> **Data section**:

Segment Open

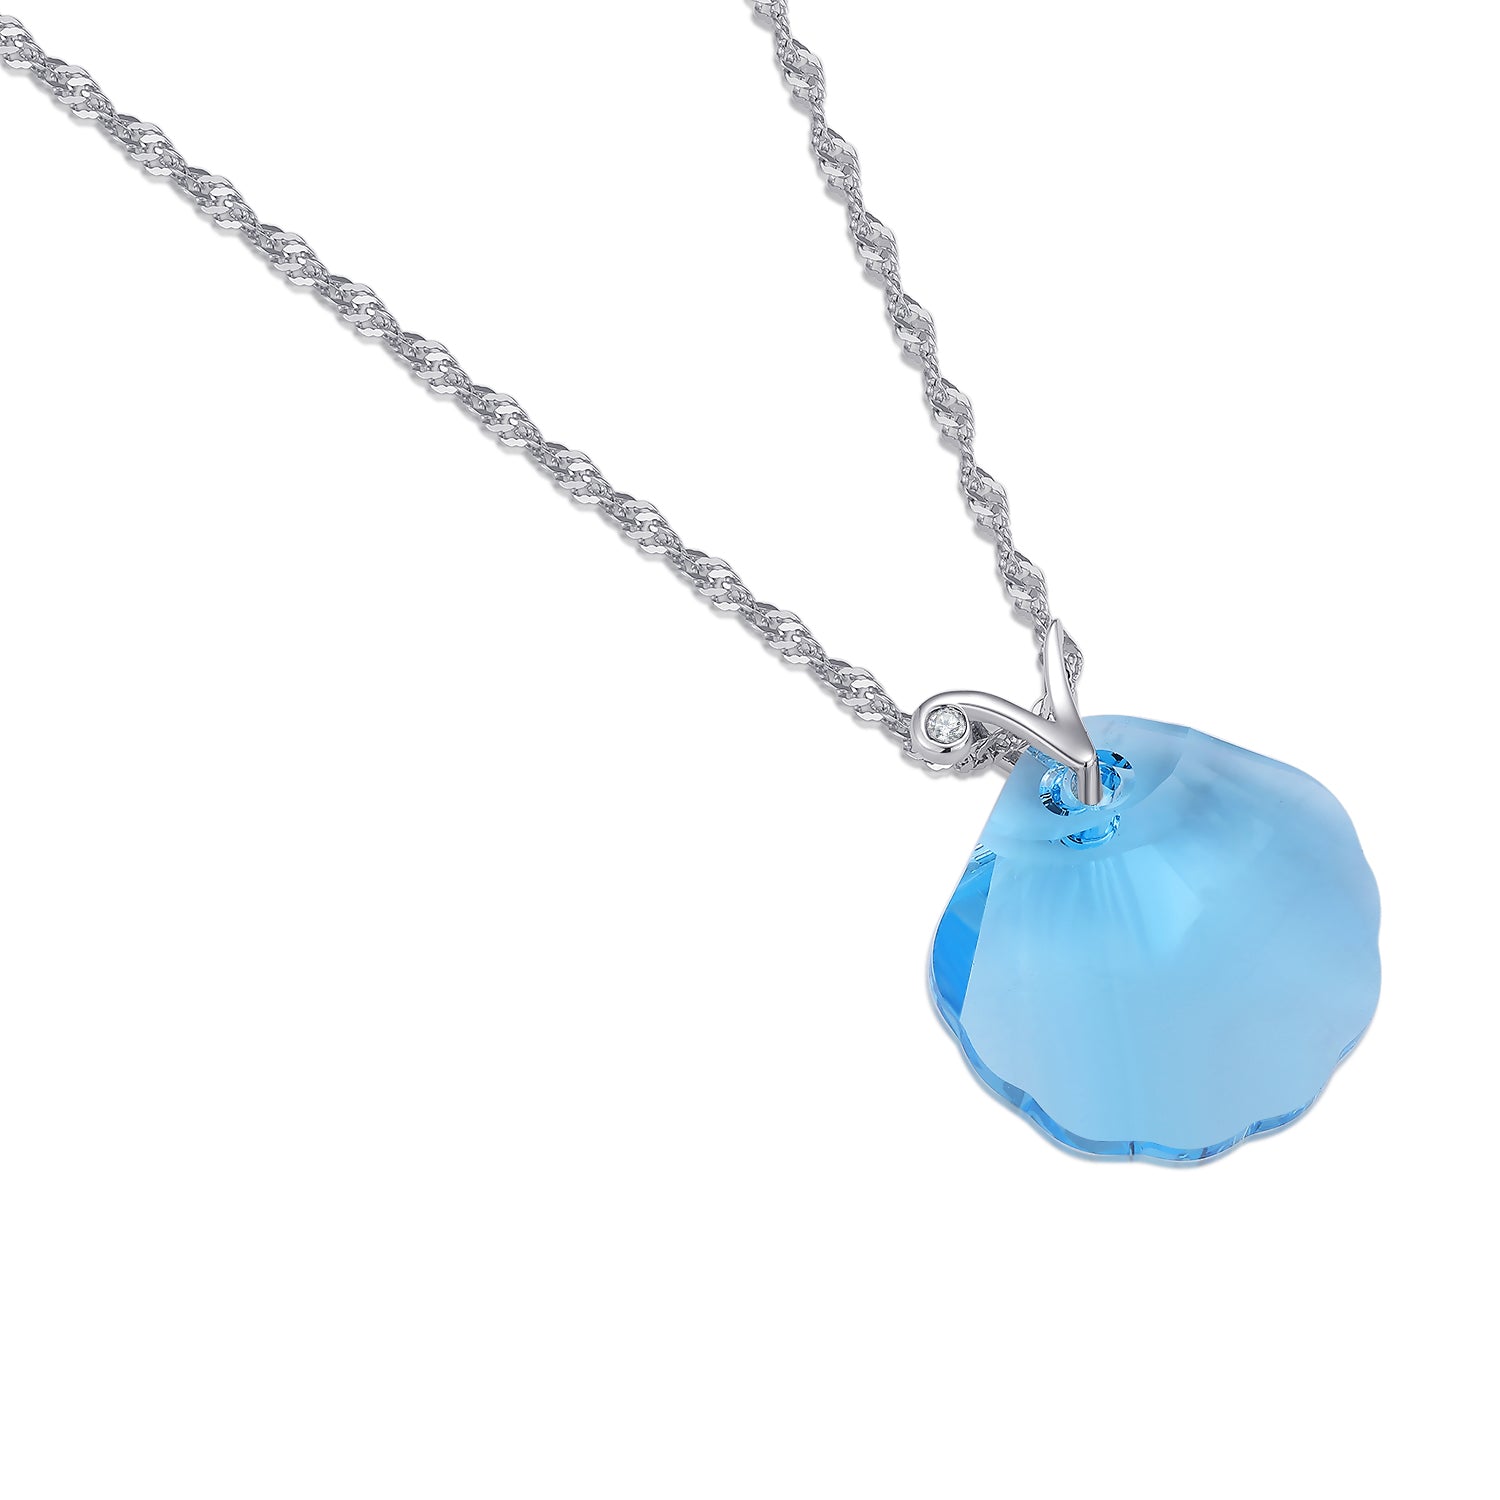 sterling silver shell pendant necklace adopts the top Austrian crystal
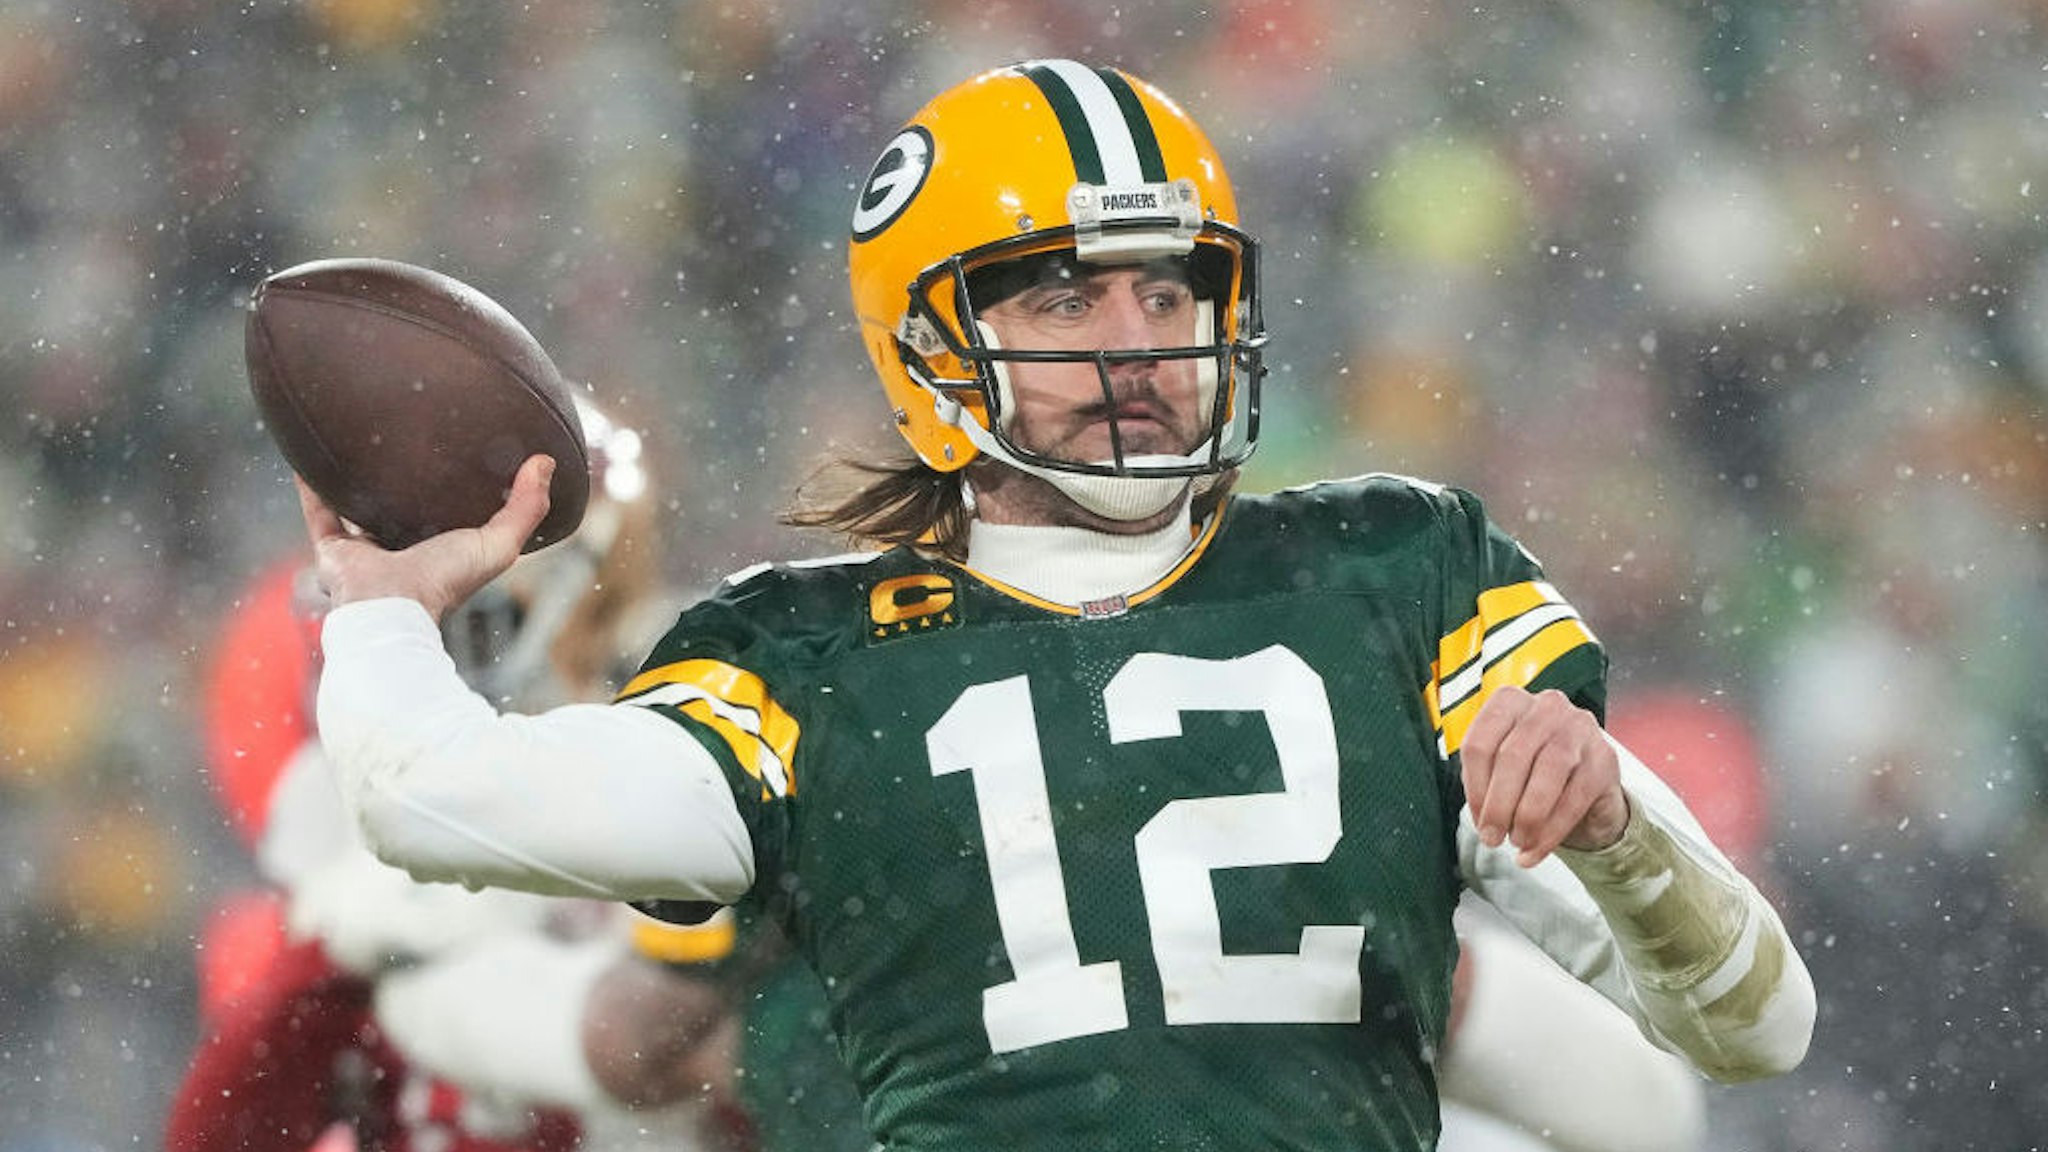 GREEN BAY, WISCONSIN - JANUARY 22: Quarterback Aaron Rodgers #12 of the Green Bay Packers passes2 during the 4th quarter of the NFC Divisional Playoff game against the San Francisco 49ers at Lambeau Field on January 22, 2022 in Green Bay, Wisconsin. (Photo by Patrick McDermott/Getty Images)
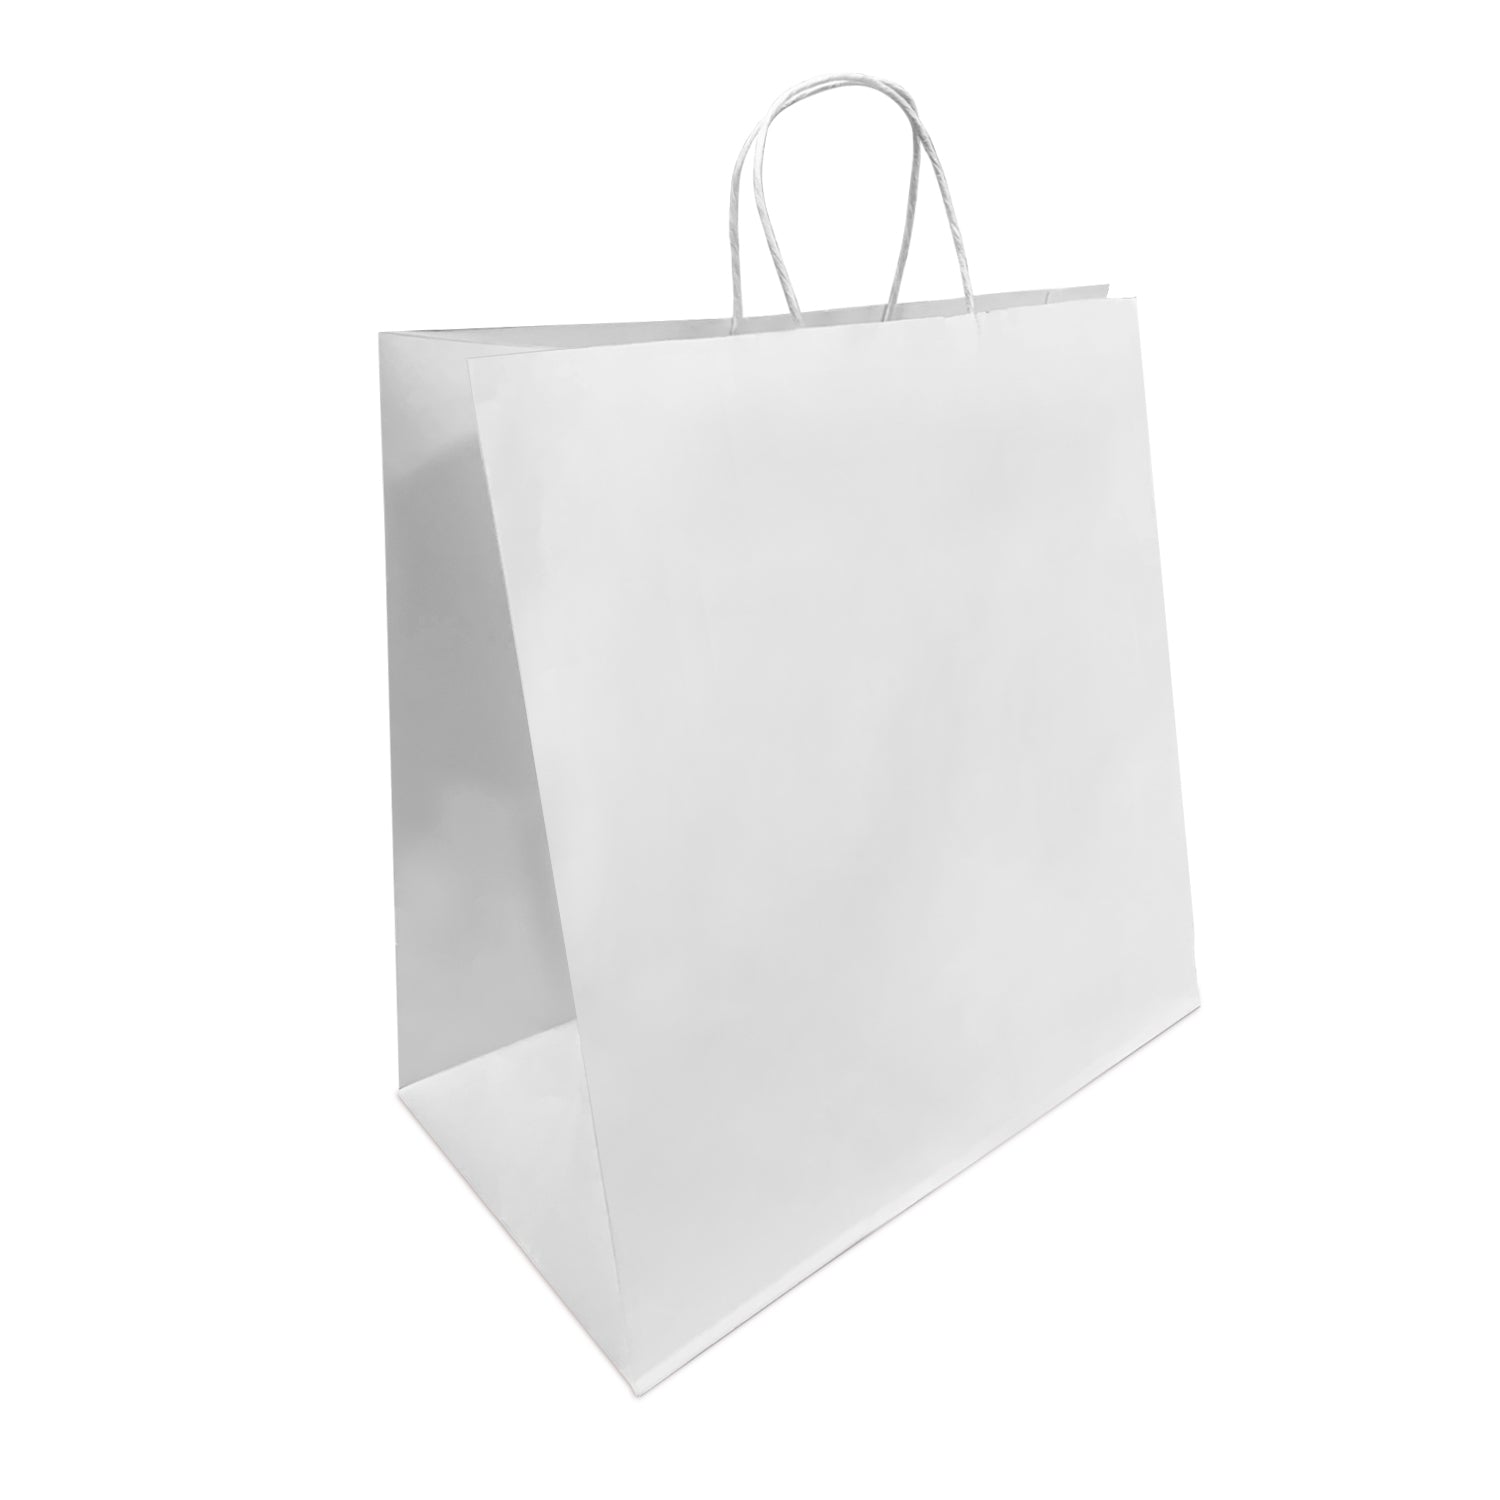 200 Pcs, Tiger, 14x8x14 inches, White Kraft Paper Bags, with Twisted Handle

Segment Closed

> **Your goal**: What you return should match the material word for word, apart from the pictures.

> **Written answer**:
 sterling silver shell pendant necklace adopts the top Austrian crystal
 GREEN BAY, WISCONSIN - JANUARY 22: Quarterback Aaron Rodgers #12 of the Green Bay Packers passes2 during the 4th quarter of the NFC Divisional Playoff game against the San Francisco 49ers at Lambeau Field on January 22, 2022 in Green Bay, Wisconsin. (Photo by Patrick McDermott/Getty Images)
 200 Pcs, Tiger, 14x8x14 inches, White Kraft Paper Bags, with Twisted Handle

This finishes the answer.